Genome sequencing and bioinformatic analysis
Genomic DNA was extracted using the Master Pure DNA purification kit following the manufacturer’s instructions (Epicentre, Madison, WI, USA). Libraries were generated using the Illumina Nextera kit (Illumina Inc., San Diego, CA) as described by Baym et al.55, and sequenced with the Illumina NextSeq500 equipment at the Microbial Genome Sequencing Center (Pittsburgh, PA).

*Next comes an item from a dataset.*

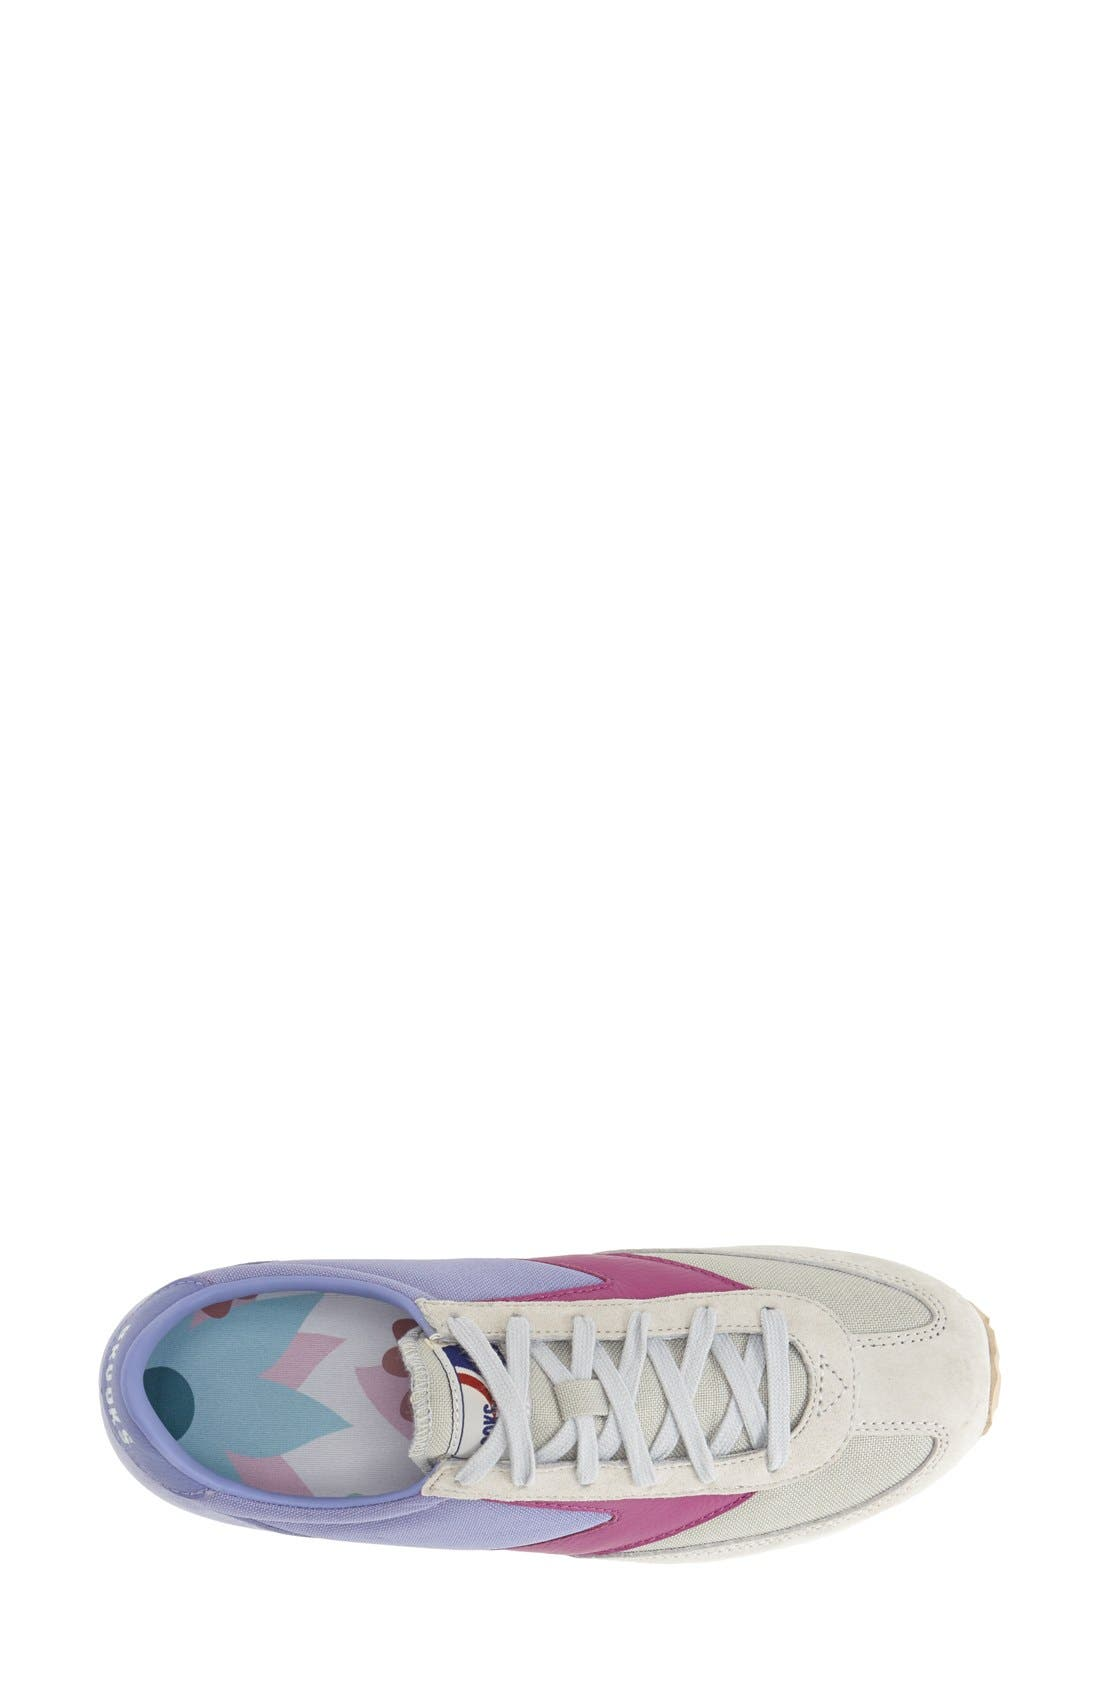 'Vanguard' Sneaker,                             Alternate thumbnail 65, color,

De novo assembly was performed with SPADES assembler, version 3.3.156. The annotation was performed using the RAST server57 and the predictions were confirmed using the BLAST software52. The quality of the sequences and assembly were evaluated using FASTQC software (https://www.bioinformatics.babraham.ac.uk/projects/fastqc/) and the QUAST software58, respectively. The Average Nucleotide Identity and pairwise tetra nucleotide correlation were performed using JSpeciesWS online service59. The mutation prediction between both isolates was performed using breseq60. The core genome prediction was carried out using the Roary software61 including seventy V. anguillarum genomes from GenBank. The core-genome phylogeny was performed using RaxML62 and substitution model was predicted with JModelTest263. The default Bootstrap test was used to evaluate branch supports. The tree representation was done using FigTree (https://github.com/rambaut/figtree/). The transmembrane domain prediction was done using the TMHMM software (http://www.cbs.dtu.dk/services/TMHMM/).
Data Availability
Published accession numbers of sequences used in this study are included in the article. The nucleotide sequences of specific regions from strains 531Ac and 531Ad have been provided GenBank accession numbers MK791314 and MK791315. Whole genome sequences of V. anguillarum 531Ac and 531Ad provided GenBank accession numbers VSLE00000000 and VSLF00000000, respectively. Bacterial strains are available upon request.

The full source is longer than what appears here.